In this article, a dual-stage converter driving for a piezoelectric actuator based on flyback circuit was designed and implemented, which could be applied in a micro robot. A low-voltage direct current could be converted to a high-voltage alternating current through flyback circuit and direct current/alternating current circuit in low-power condition. In the direct current/direct current stage, the charging and discharging process was realized to generate a high voltage bias from a low voltage directly supplied by battery. Then, the high voltage was converted into alternating waveform by an energy recovery circuit in direct current/alternating current stage. Experiments were conducted to verify the ability of the proposed converter to drive a 100-V-input piezoelectric bimorph actuator using a prototype 108 mg (excluding printed circuit board mass), 169 (13 × 13) mm², and 500-mW converter. According to the experimental results, this converter could be used for driving piezoelectric actuator applied in micro robot.

Keywords

Micro robot piezoelectric actuator high efficiency small size flyback converter

Introduction

Micro robot is a centimeter-scale robot with potential applications in searched-rescue, exploration, and reconnaissance.¹ An existing challenge of the research on micro robot is the sufficient power supply with high efficiency to implement kinds of actions, such as flying, crawling, and swimming.^2,3

When the size of micro robot falls down to centimeter scale, the efficiency and power density of conventional actuators are significantly reduced because of the domination of surface effect.⁴ To solve this limitation, piezoelectric actuators that work as an alternative solution were paid more attention.⁵ Meanwhile, Wood et al. considered a complete fabrication solution for actuators, links, flexures, integrated wiring, and structural elements using high-performance materials.⁶ They then developed a highly efficient transmission link for a specific device.

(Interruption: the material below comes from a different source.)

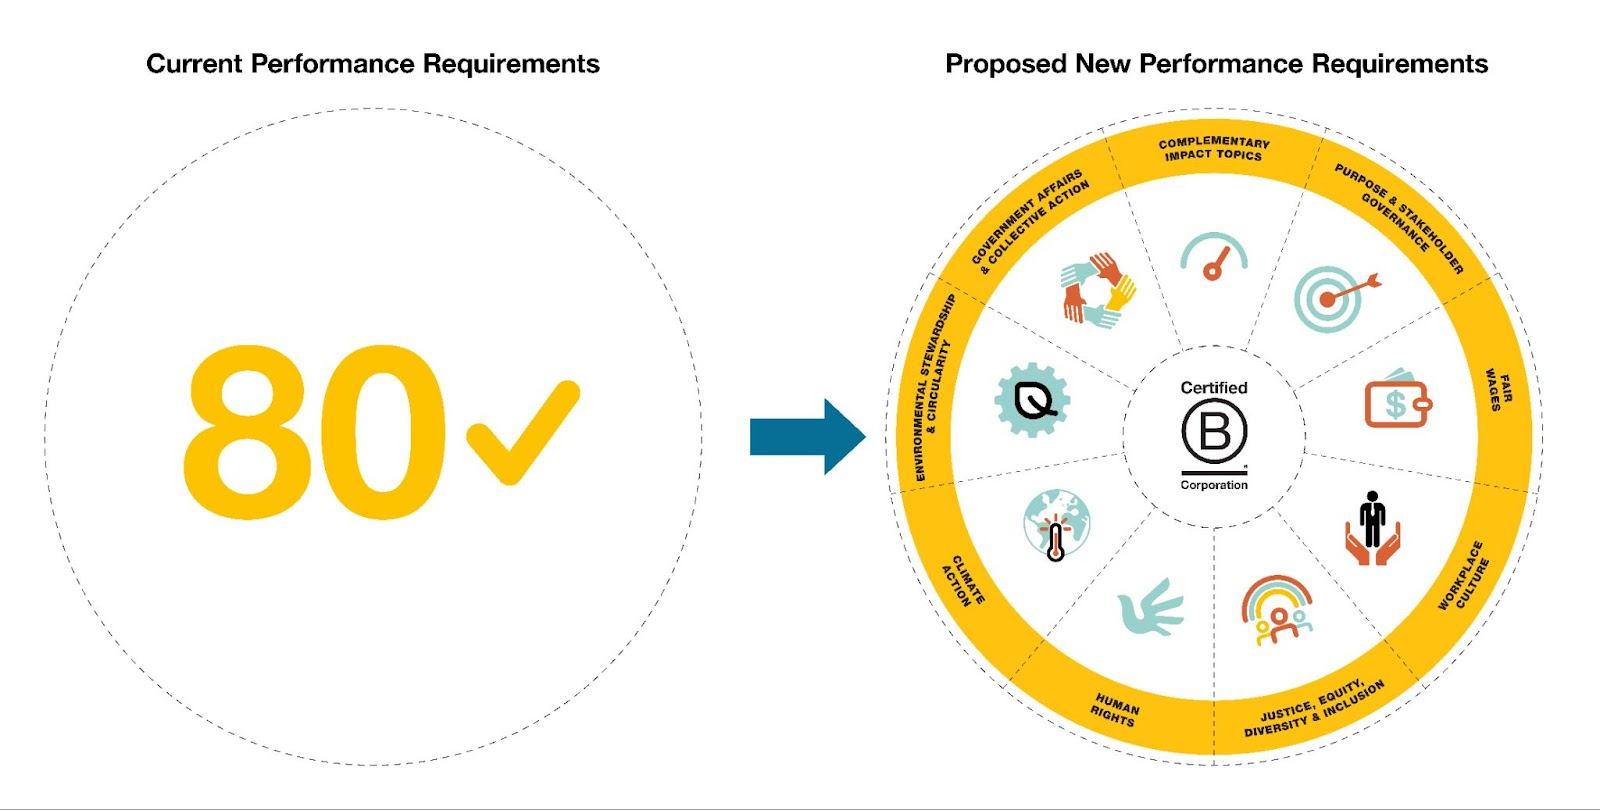 Current performance requirements versus proposed new performance requirements.

Meanwhile, the matching voltage conversion circuits should be designed to satisfy the electrical requirements of piezoelectric actuators.⁷ Several researchers have discussed the miniaturization of voltage conversion circuits for microrobotic applications. A boost converter cascaded with a switched capacitor circuit was adopted by Steltz et al. to obtain high voltage.⁸ However, this structure requires a large number of pump capacitors, which increases the size of the circuit and reduces its power density, particularly at a high output power. Other topologies with more components and a high step-up ratio are also suitable for driving high-voltage reactive loads; however, most efforts have focused on large-scale and high-power applications.^9
–11 In another part of the circuit, a simple push–pull driver described in the study by Steltz et al.⁸ can generate a unipolar square wave voltage across the load without energy recovery. The majority of the existing topologies focus on efficient piezoelectric driving for large-scale and high-power applications, which reduces the efficiency and power density of the power supply.^12

–17 Harvard’s team has previously produced a small-scale power conversion interface. However, as described in the study by Karpelson et al.,¹⁸ the boost tapped-inductors they use have difficulty in manufacturing compared to general flyback transformers. At the same time, in the direct current (DC)–alternating current (AC) stage, the detection of current becomes quite difficult in the case of low power. This article is dedicated to improving and validating the short board mentioned above.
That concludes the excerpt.